**Work to complete:**
Leaving out the images, return the data below exactly as it is written.

Dataset extract START

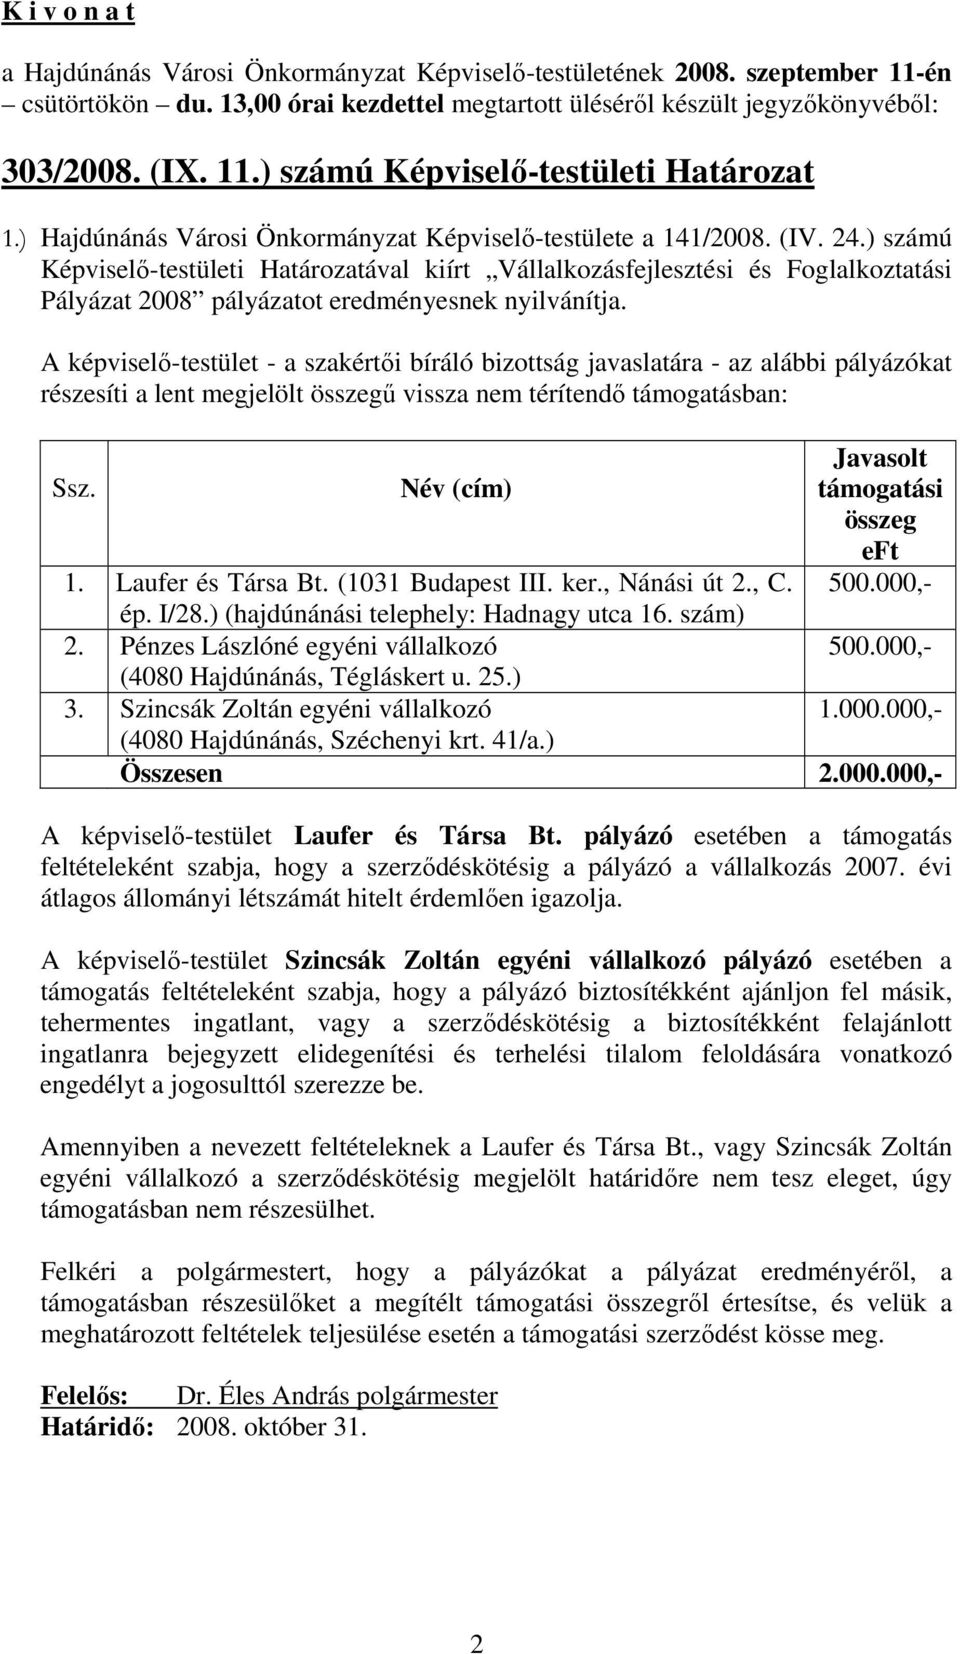 ) számú Képviselı-testületi Határozatával kiírt Vállalkozásfejlesztési és Foglalkoztatási Pályázat 2008 pályázatot eredményesnek nyilvánítja.
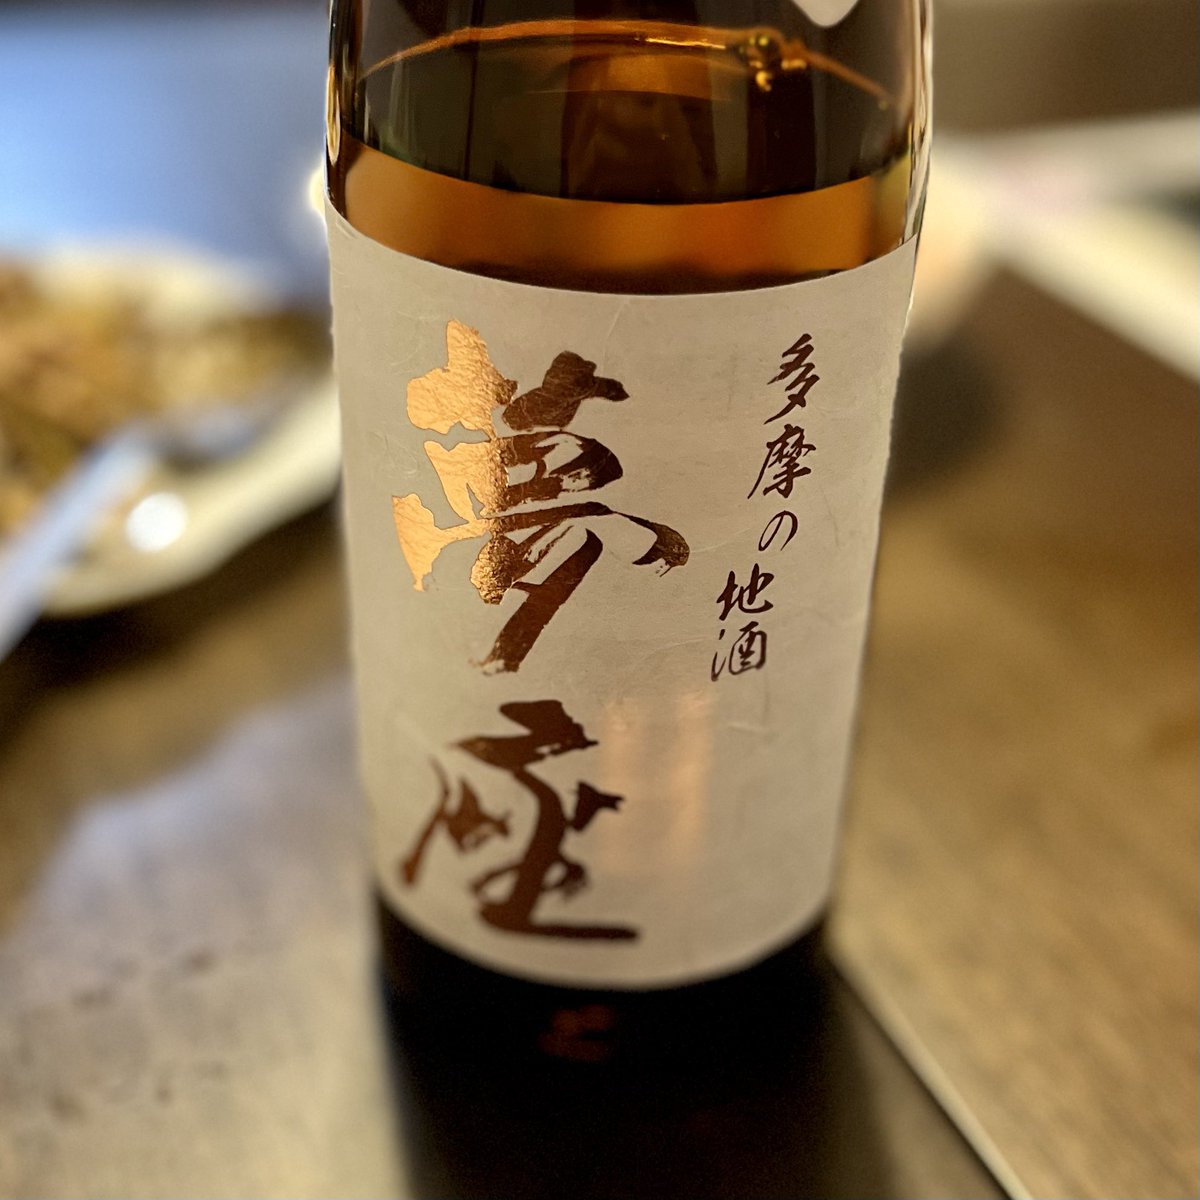 test ツイッターメディア - 今宵は、東京都福生市は石川酒造の「夢座　純米大吟醸」
香りにやや独特のクセがある。けど飲みにくいと言うわけではない https://t.co/hjaokOAtIk
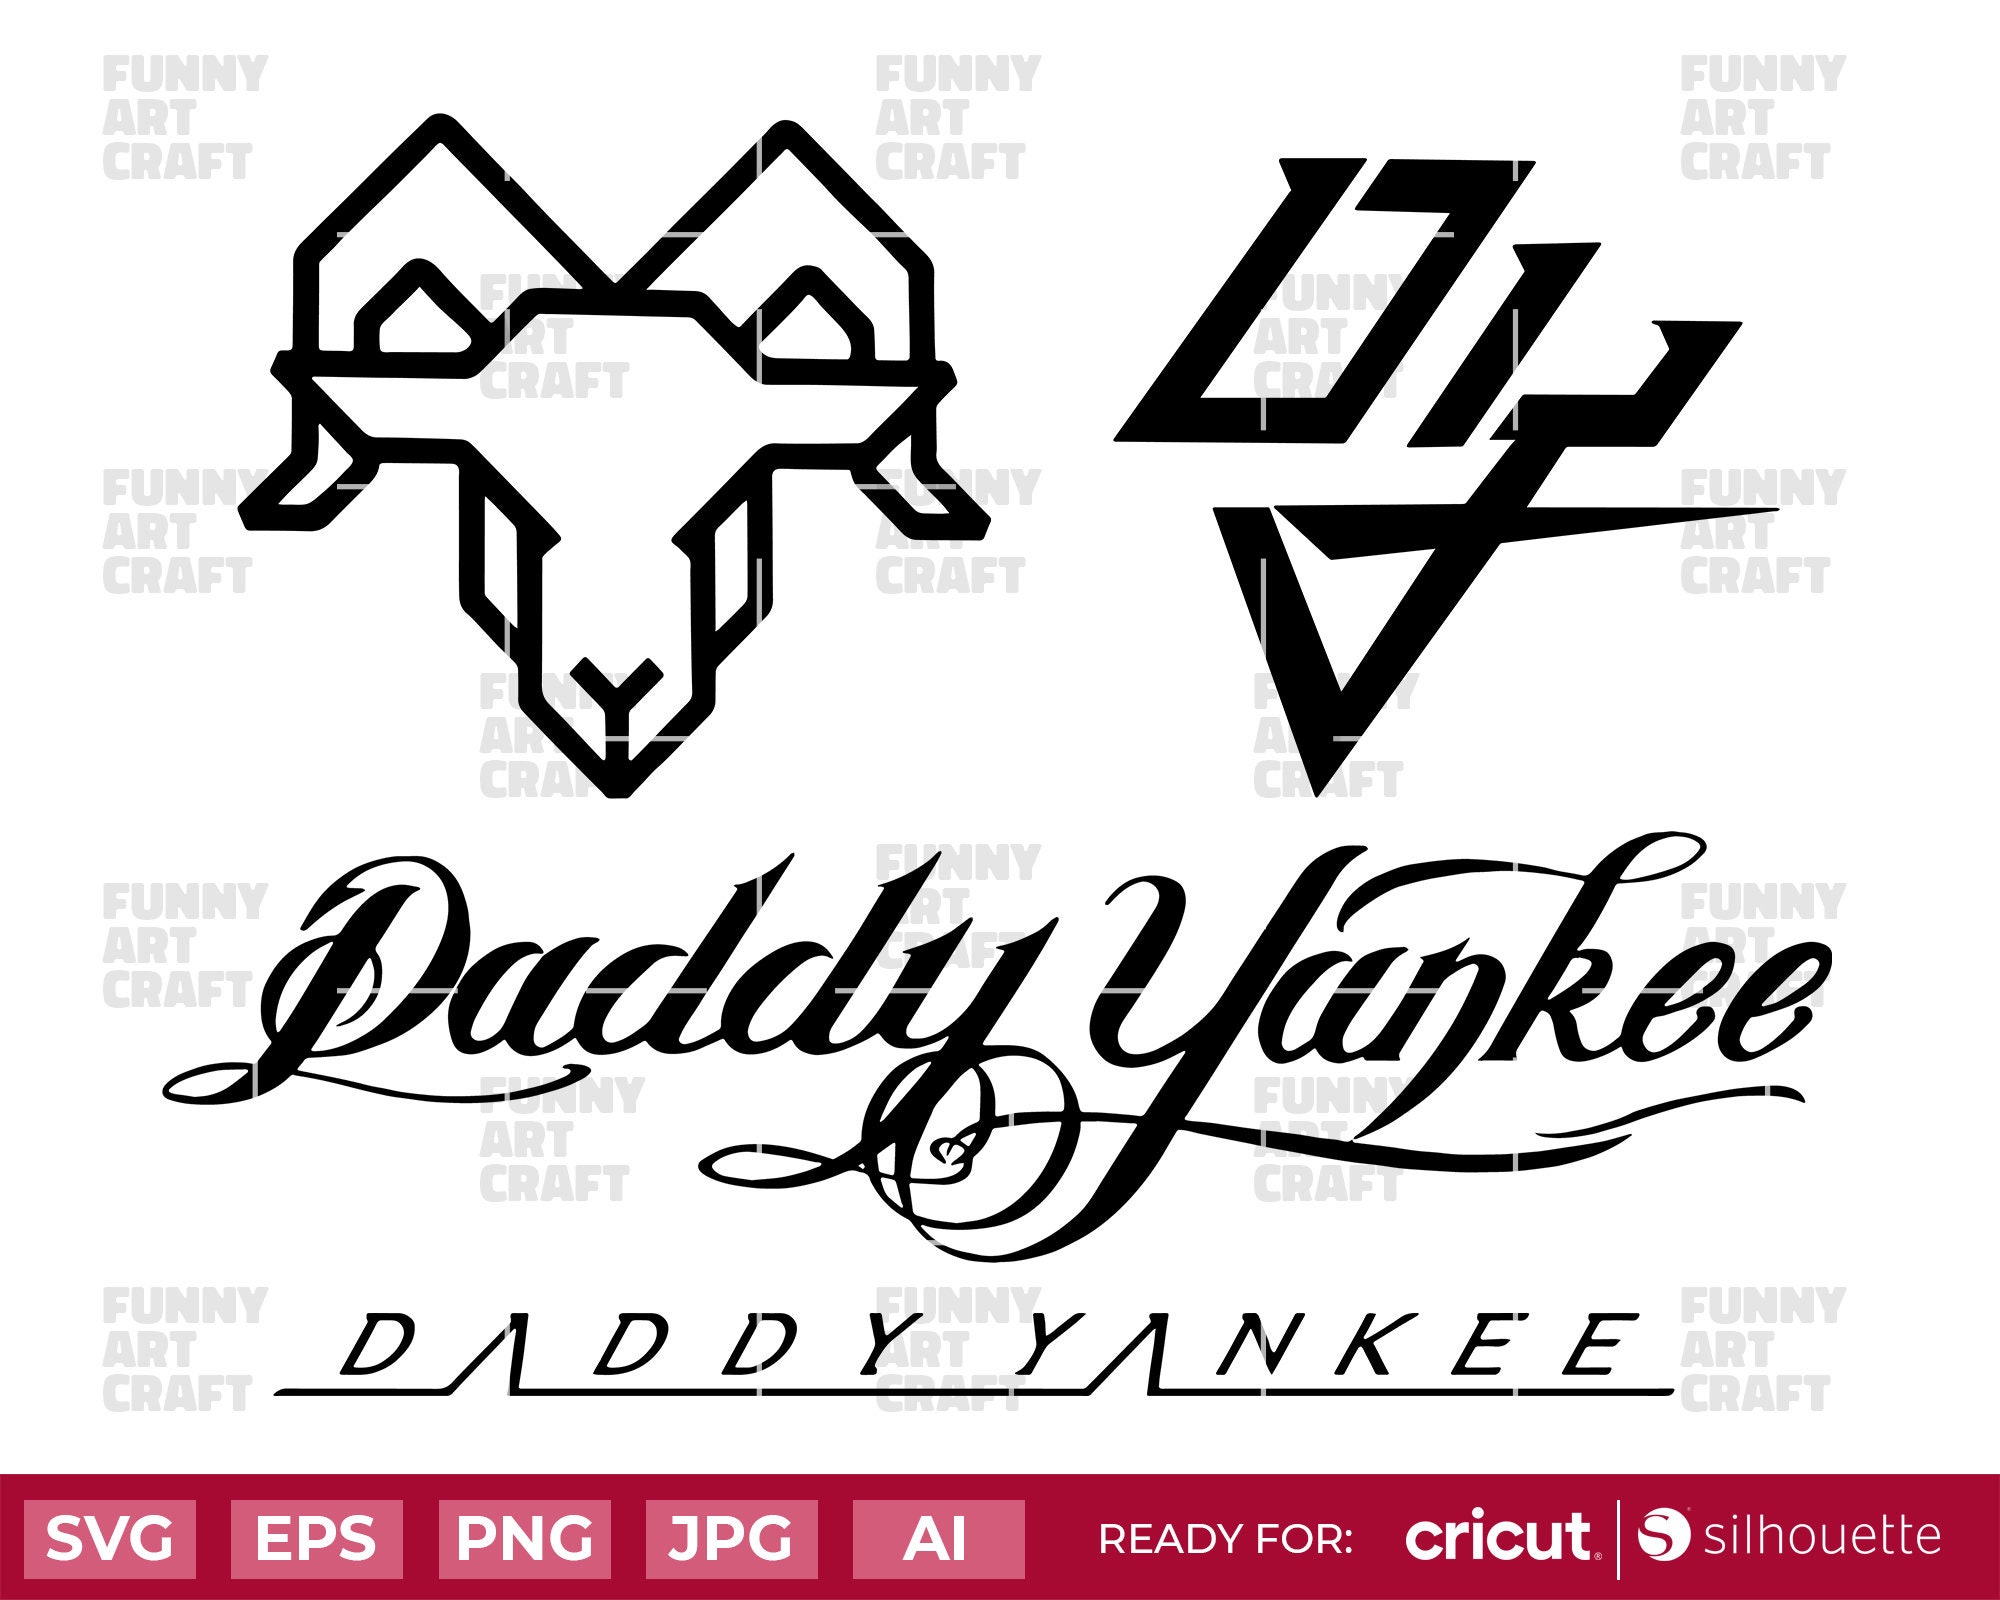 Vintage Daddy Yankee Legendaddy La Ultima Vuelta Tour Shirt

Dataset extract END

**Result of this exercise:**
 ) számú Képviselı-testületi Határozatával kiírt Vállalkozásfejlesztési és Foglalkoztatási Pályázat 2008 pályázatot eredményesnek nyilvánítja.
 test ツイッターメディア - 今宵は、東京都福生市は石川酒造の「夢座　純米大吟醸」
香りにやや独特のクセがある。けど飲みにくいと言うわけではない https://t.co/hjaokOAtIk
 Vintage Daddy Yankee Legendaddy La Ultima Vuelta Tour Shirt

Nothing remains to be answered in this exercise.